Market value (sometimes referred to as ‘fair market value’, particularly in the context of valuing real estate) is a widely used concept inside and outside of Australian courts. From a legal perspective, the concept of market value is a well-established one, often referred to by Australian courts as the Spencer test, with the following cited:
“In my judgment the test of value of land is to be determined, not by inquiring what price a man desiring to sell could actually have obtained for it on a given day, i.e., whether there was in fact on that day a willing buyer, but by inquiring "What would a man desiring to buy the land have had to pay for it on that day to a vendor willing to sell it for a fair price but not desirous to sell?"[1]
Australian taxation law uses the term ‘market value’ throughout multiple sections within different statues, but these various statutes do not actually provide a definition of the term ‘market value’. Fortunately, valuation professionals, and others, can refer to a uniform definition for ‘market value’ and associated commentary within International Valuation Standards (IVS) published by the International Valuation Standards Council[2].
IVS provides the following definition for ‘market value’ being:
“The estimated amount for which an asset or liability should exchange on the valuation date between a willing buyer and a willing seller in an arm’s length transaction, after proper marketing and where the parties had each acted knowledgeably, prudently and without compulsion.” [3]
IVS amplify on the above definition of market value by setting out the following significant matters concerning the meaning of ‘market value’[4]:
a) The expression of market value is at a “valuation date”, reflecting an expression of value at a particular point in time.
b) Market value reflects a hypothetical or actual transaction between a “willing buyer” and a “willing seller”. A willing buyer and a willing seller are neither over-eager nor determined to buy/sell at any price.
c) An “arm’s length transaction” is presumed to be between unrelated parties, each acting independently. Observations of transactions involving related parties do meet this criterion.
d) “After proper marketing” means that the asset has been exposed to the market in the most appropriate manner to affect its disposal at the best price reasonably obtainable. A ‘fire-sale’ of an asset to quickly realise cash because the seller is in financial distress likely reflects a condition which would not reflect a sale under market value conditions.
e) Where the “parties had each acted knowledgeably, prudently” presumes that both the willing buyer and the willing seller are reasonably informed about the nature and characteristics of the asset, its actual and potential uses, and the state of the market as of the valuation date.
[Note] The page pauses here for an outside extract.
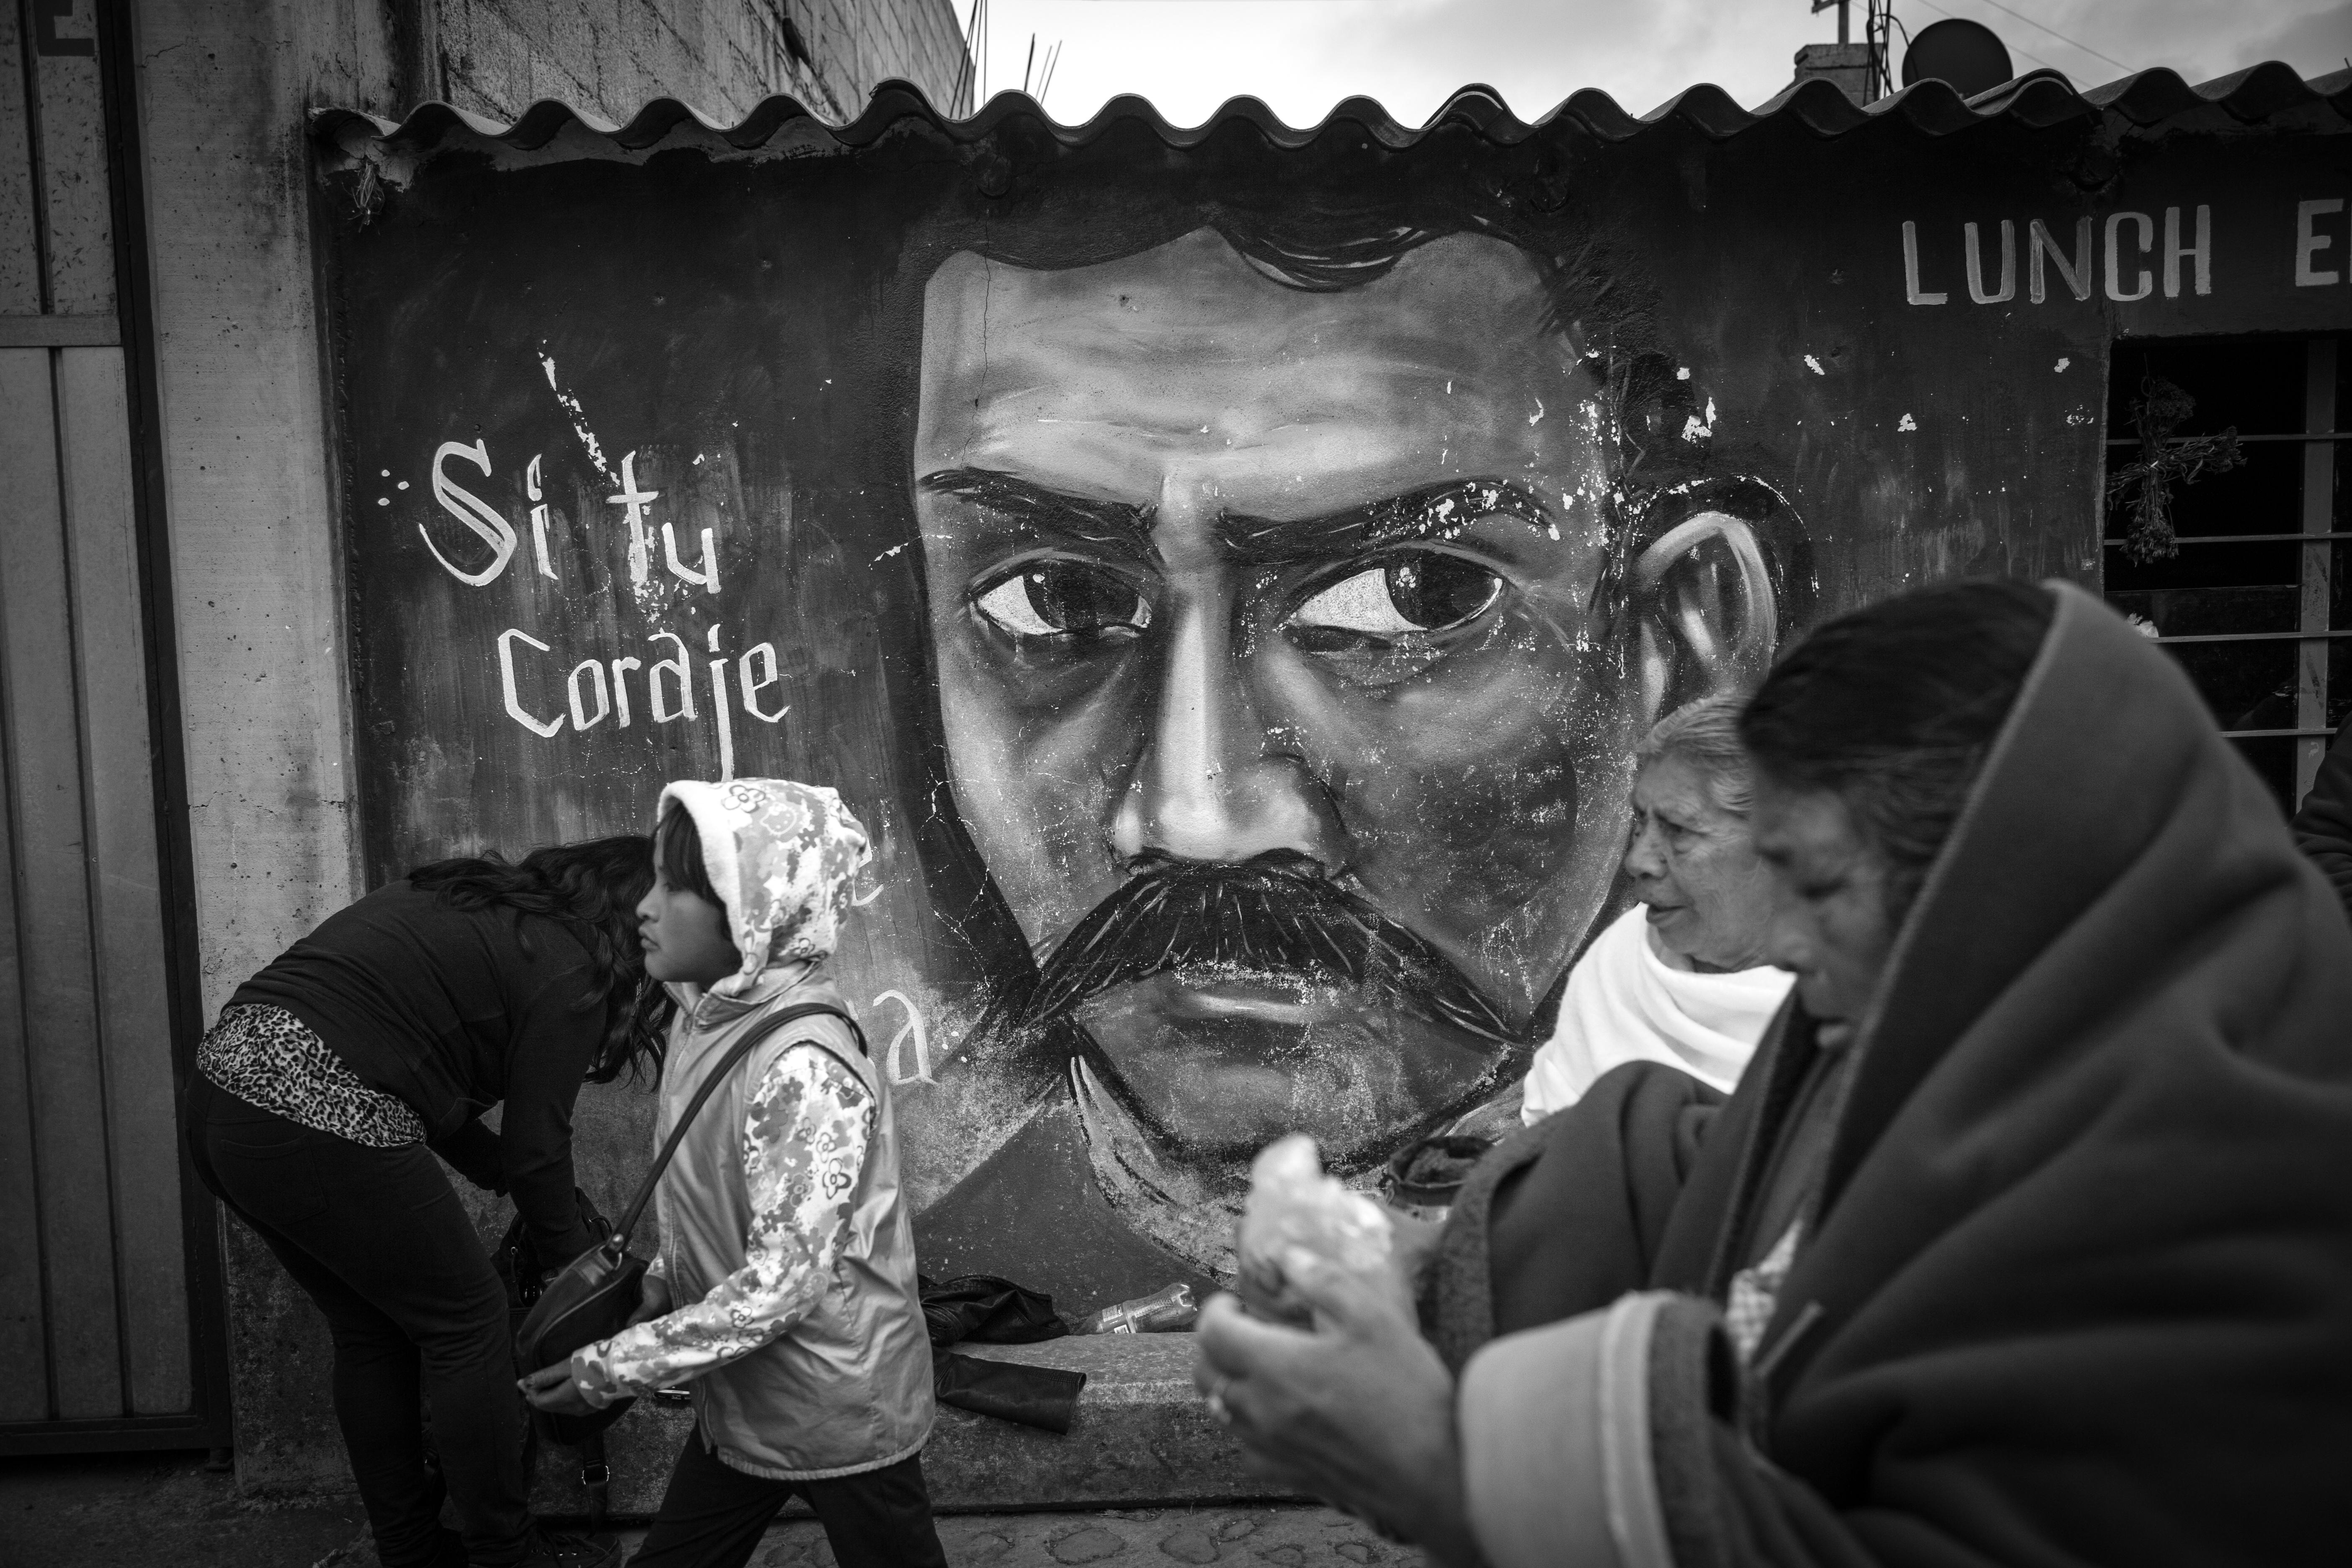 San Pedro Tlanixco, Edo. de México. 22 de noviembre de 2017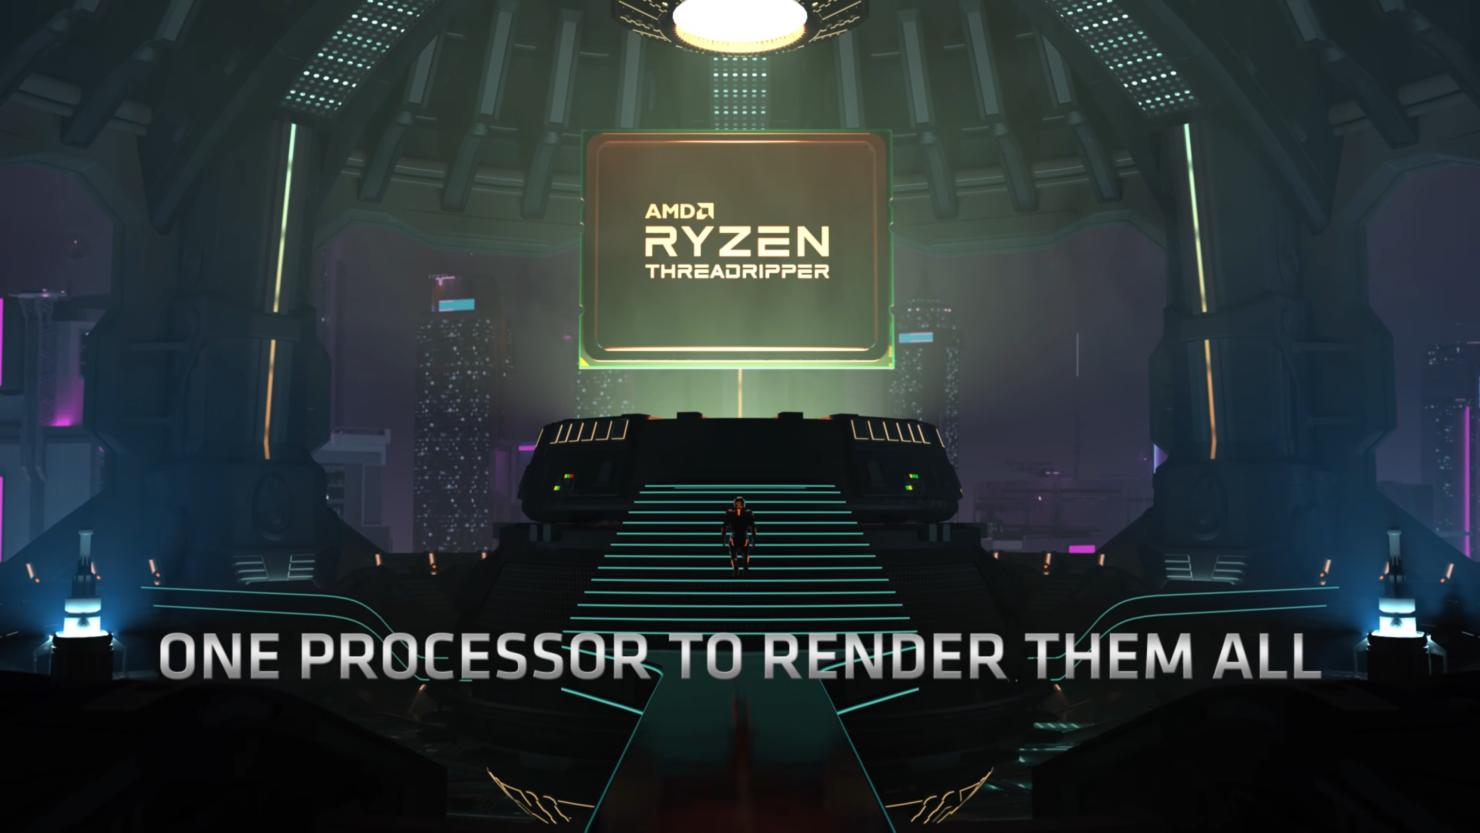 AMD Ryzen Threadripper 5000 'Chagall' HEDT CPUs Allegedly Delayed To 2022

Importantly, in forming a conclusion on the ‘market value’ of an asset at a historical valuation date, the use of hindsight is considered not appropriate in forming an assessment of the market value of the asset because the information on which the valuation is based should, in general terms, have been in existence at or before the valuation date. More specifically, only those things which are ‘known’ or ‘knowable’ at the valuation date should be considered. The use of the term ‘knowable’ includes information that could be obtained with a reasonable degree of due diligence.
Amongst valuation and forensic accounting professionals, the definition and principles supporting the meaning of market value are universally adopted and therefore not contentious, notwithstanding that the different professionals may disagree on the amount representing market value at a point in time.
True value is not a standard of value which a valuation professional typically adopt when preparing a valuation report to support a transaction or for financial reporting purposes.
The concept of true value is a legal one, quite old[5] and typically used in the context of someone fraudulently enticing an investor to purchase an asset and perhaps more generally in misleading and deceptive conduct under different statute where the legal remedy sought is damages. True value is also commonly used in the context of estimating damages in shareholder class action litigation[6], which also falls within the paradigm of misleading and deceptive conduct legal matters.
In this context, Australian courts have referred to true value as ‘real value’[7], ‘fair or real value’ [8] or ‘intrinsic” value’[9] or ‘actual value’[10] or what an asset is ‘really worth’[11] or ‘truly worth’[12]. Australian courts have also referred to true value as ‘fair value’[13].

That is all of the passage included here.